This may be a can of worms but I wanted to throw it out here. I am
gathering pros and cons for using querystring vs session variables for
passing row keys in a ASP.net application. I want to be as thorough as
possible so why not throw out this situation to the development
community. Thoughts and opinions are appreciated.
8  3368 
Its easy to forget to remove the key from session once its usability
has passed.
I figure that session is for keeping information long term over some
substantial life time, such as tracking that a user is logged in.
Querystring is fine for page by page stuff, but there's also the
Viewstate and Cache considerations as well. I don't think you can weigh
up such an argument without including these 2 forces of nature.
Steven db******@progre ssive.com wrote:
This may be a can of worms but I wanted to throw it out here. I am
gathering pros and cons for using querystring vs session variables for
passing row keys in a ASP.net application.

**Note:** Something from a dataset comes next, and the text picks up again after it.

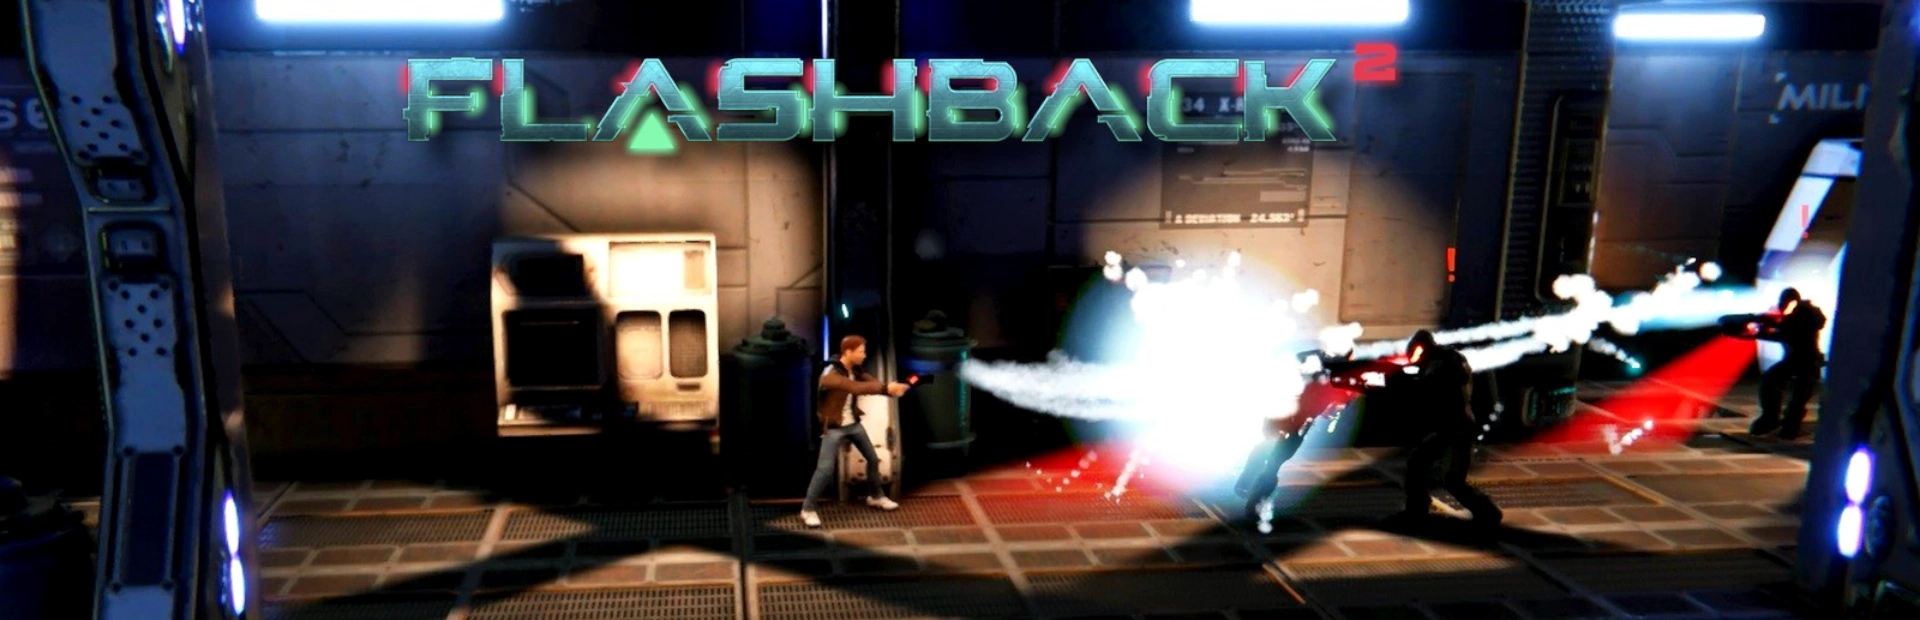 دانلود بازی Flashback 2 برای کامپیوتر | گیمباتو

I want to be as thorough as
possible so why not throw out this situation to the development
community. Thoughts and opinions are appreciated.
Querystrings are editable by users. This can sometimes be a good thing for
knowledgeable users, however you must carefully think about the security
implications if users go tinkering with the querystring parameters.
Querystrings are visible by users. This can be a good thing in cases where
the user saves a URL in their favorites, because it can potentially also
save the state too, assuming you're keeping state in the querystring.
However this can be bad if retrieving the querystring from their favorites
causes your app to throw an error, then the user is left looking at an
unfriendly error page instead of the page they thought they'd bookmarked.
Session strings are more reliable and secure because they are always kept on
the server and never visible or editable by users. The main downside to
session variables is that each one takes up space in server memory, thus
limiting the scalability of the site. (However there are ways to deal with
this such as using a SQL state server or a centralized state server.)
Don't forget about other alternatives, such as the context object, cookies,
saving to a database, hidden fields (to help post data between forms), etc.
Here are some good articles on the subject: http://SteveOrr.net/faq/PassValues.aspx http://www.aspalliance.com/kenc/passval.aspx http://msdn.microsoft.com/msdnmag/is...e/default.aspx
--
I hope this helps,
Steve C. Orr
MCSD, MVP, CSM http://SteveOrr.net
<db******@progr essive.comwrote in message
news:11******** **************@ m7g2000cwm.goog legroups.com...
This may be a can of worms but I wanted to throw it out here. I am
gathering pros and cons for using querystring vs session variables for
passing row keys in a ASP.net application. I want to be as thorough as
possible so why not throw out this situation to the development
community. Thoughts and opinions are appreciated.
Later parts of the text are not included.